AVAILABLE DATA Block Start

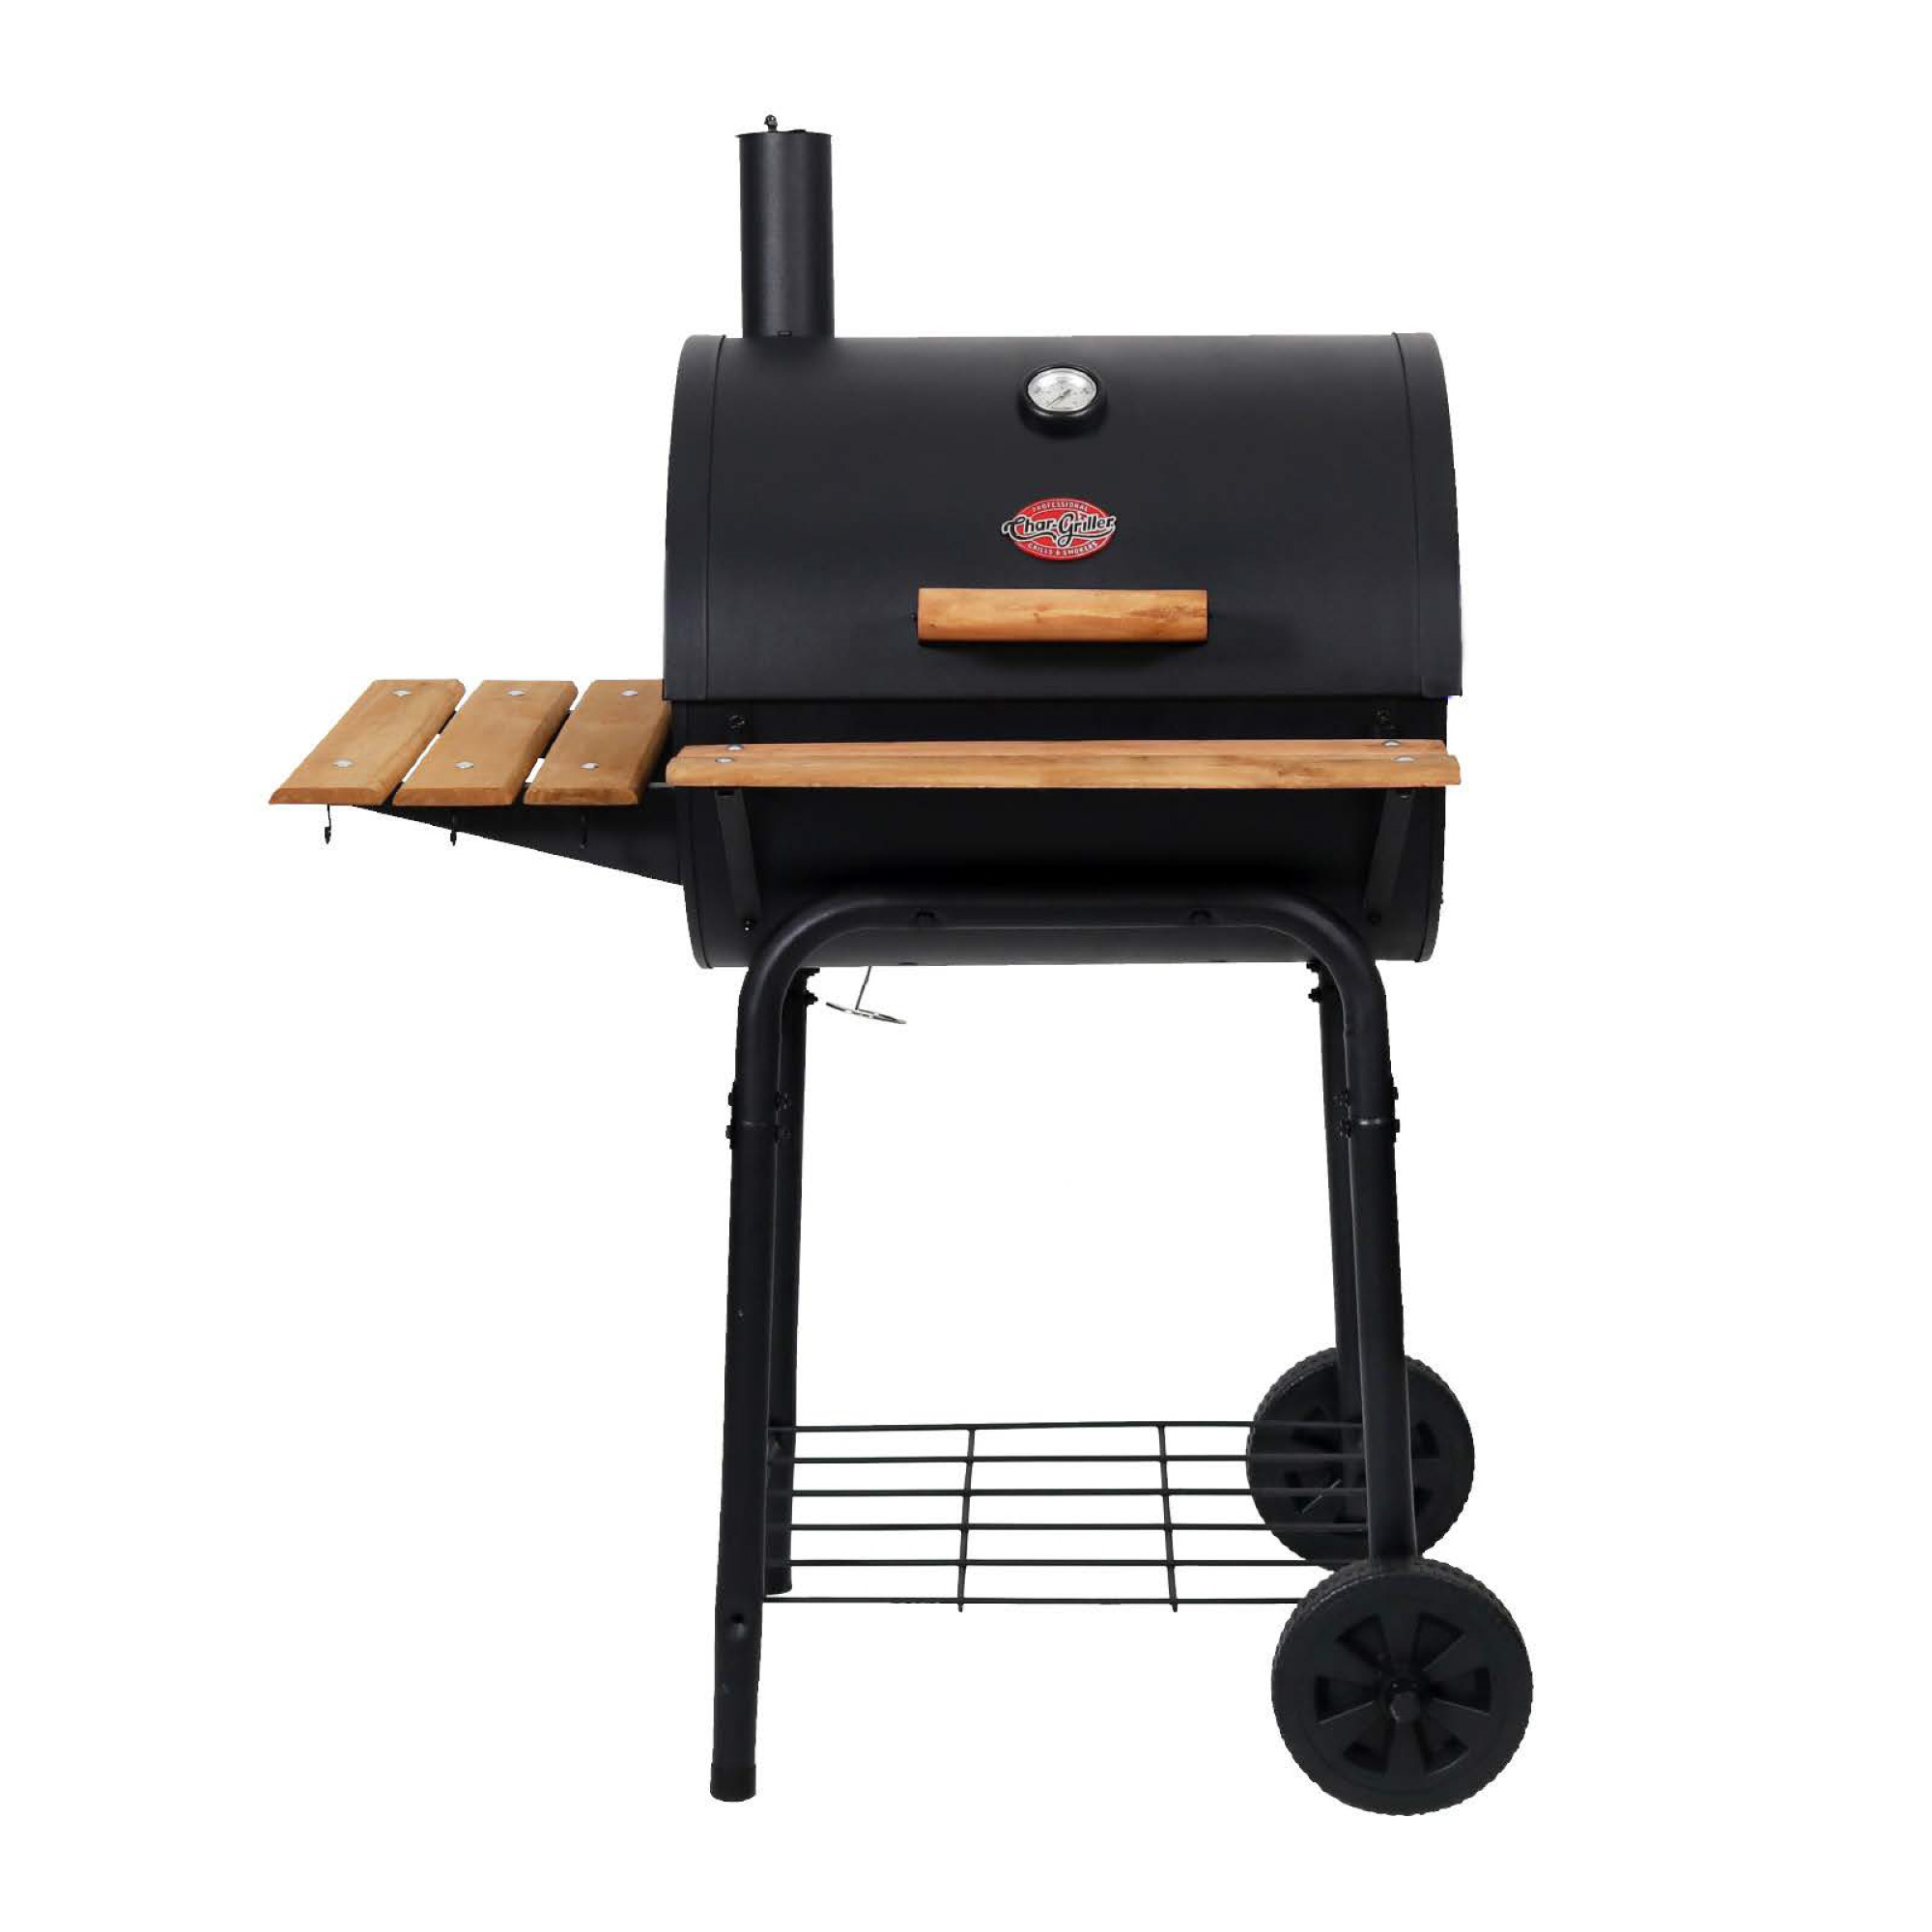 Char-Griller Wrangler Outdoor Cooking Heavy Duty Steel Charcoal Barbecue Grill - image 1 of 16
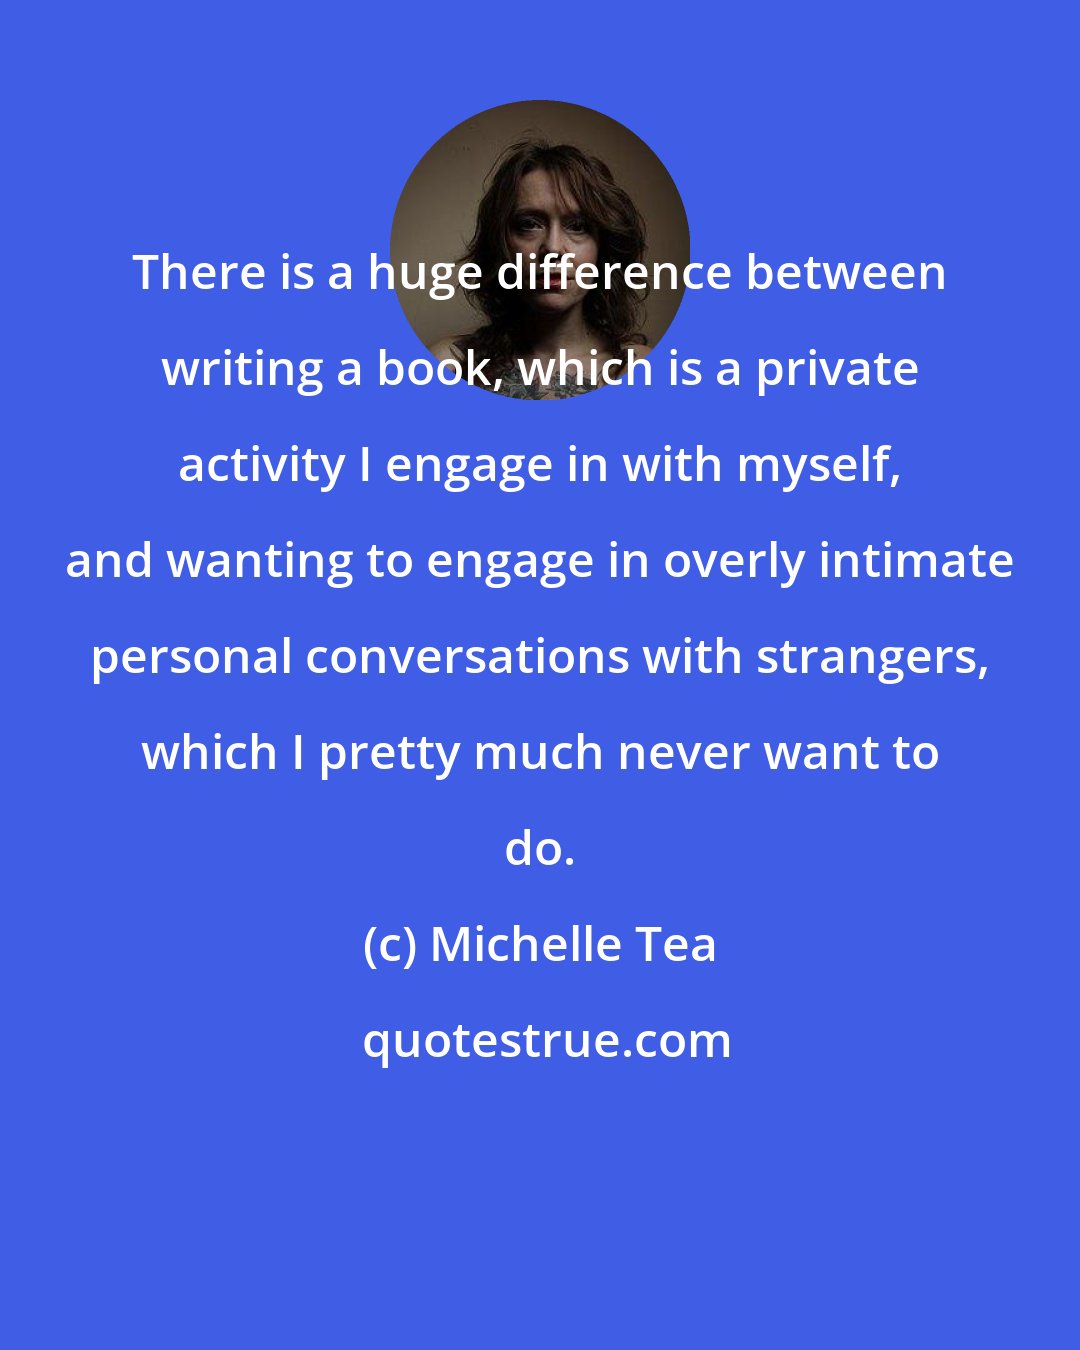 Michelle Tea: There is a huge difference between writing a book, which is a private activity I engage in with myself, and wanting to engage in overly intimate personal conversations with strangers, which I pretty much never want to do.
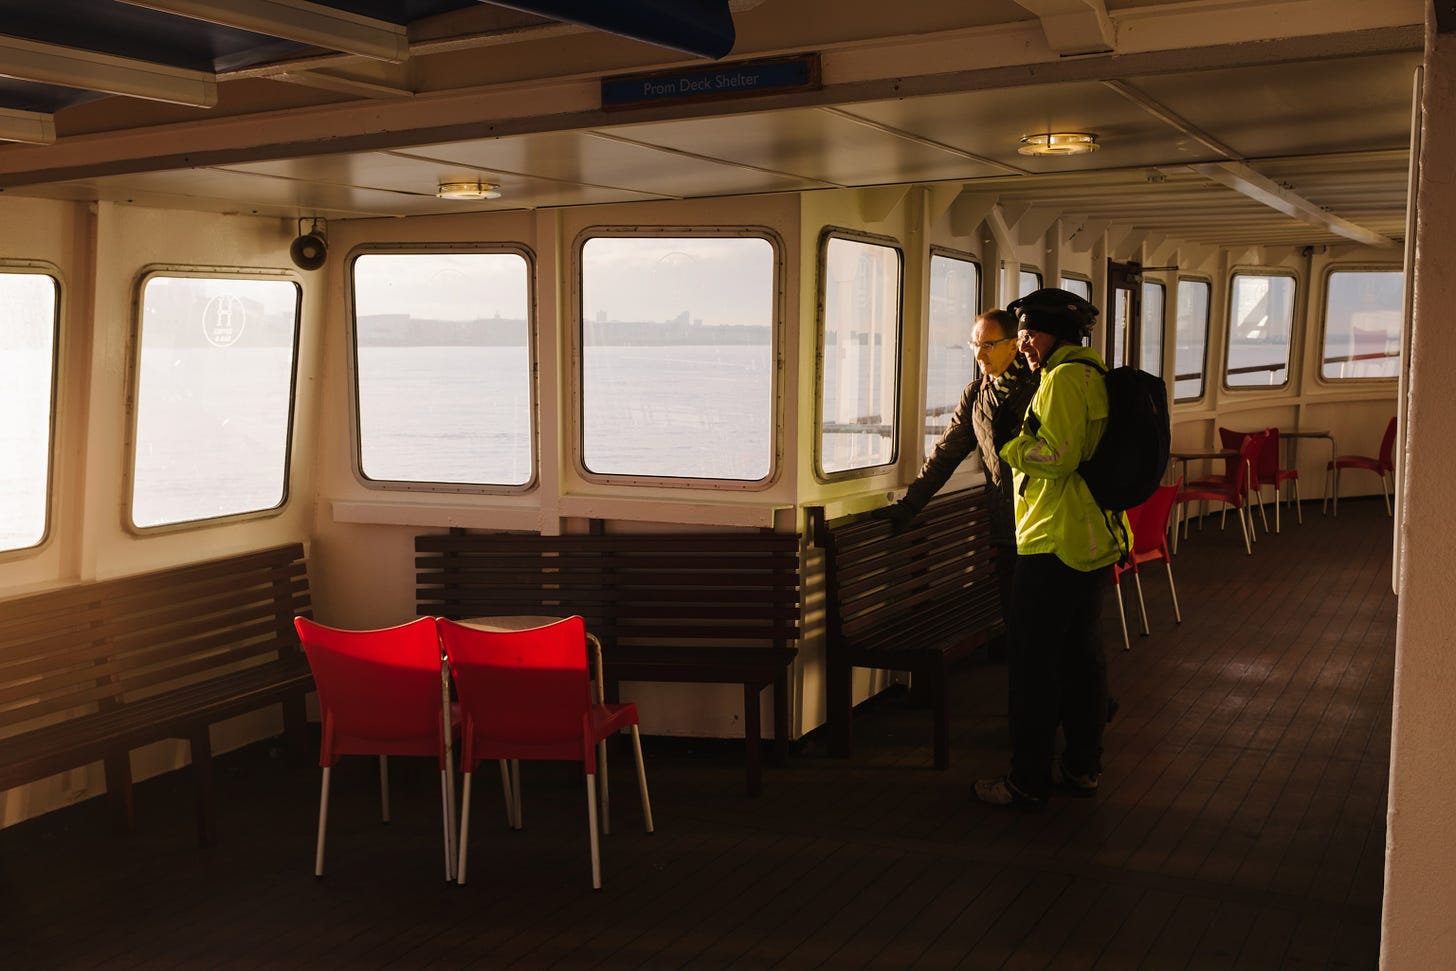 Two men stand talking inside the top deck of the ferry on an early morning ride to Liverpool. One man is wearing a hi-vis green jacket and there are red plastic chairs glowing in the early light.
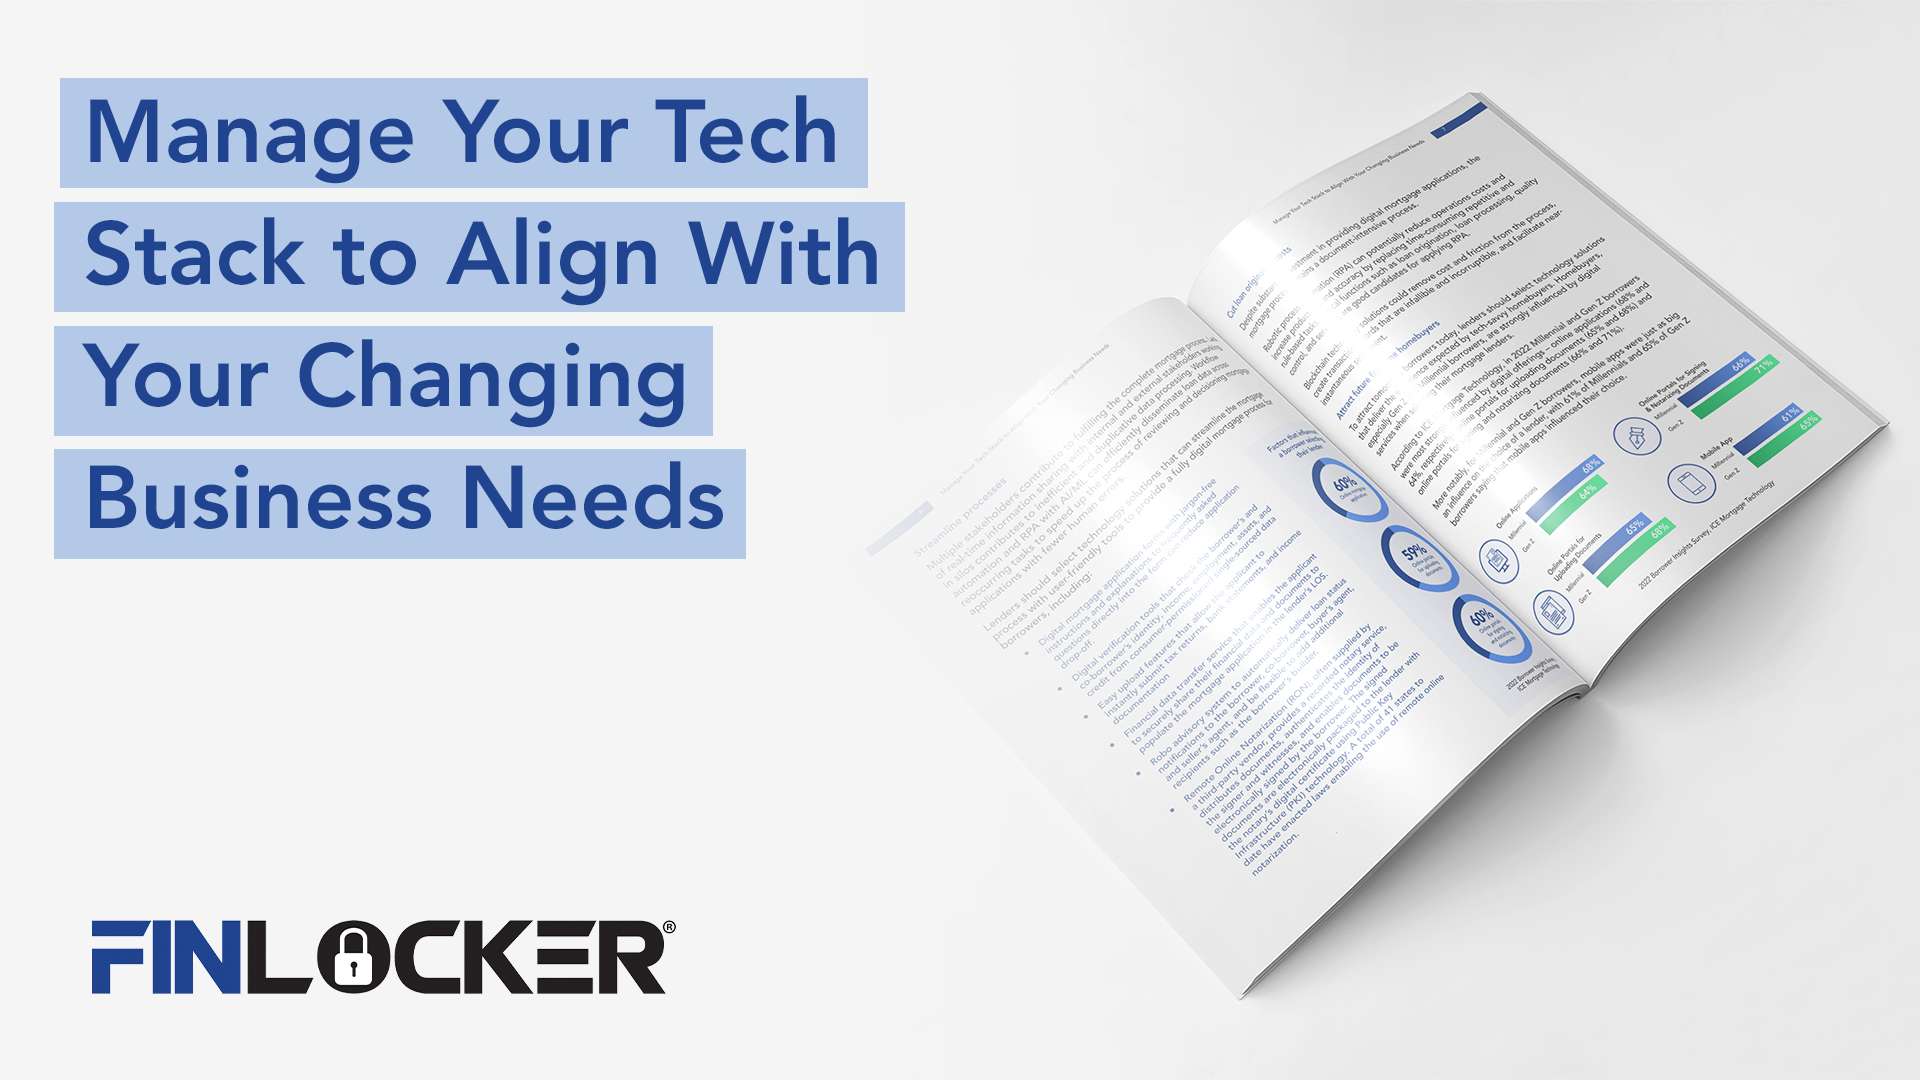 Download Manage Your Tech Stack to Align With Your Changing Business Needs

AVAILABLE DATA Block End

- _TASK PROMPT_
Only the lines from the one containing "Two men stand" through the end of the listing above should be reproduced, exactly as they stand. Leave the pictures out.

- _ANSWER SPACE_
 Two men stand talking inside the top deck of the ferry on an early morning ride to Liverpool. One man is wearing a hi-vis green jacket and there are red plastic chairs glowing in the early light.
 Download Manage Your Tech Stack to Align With Your Changing Business Needs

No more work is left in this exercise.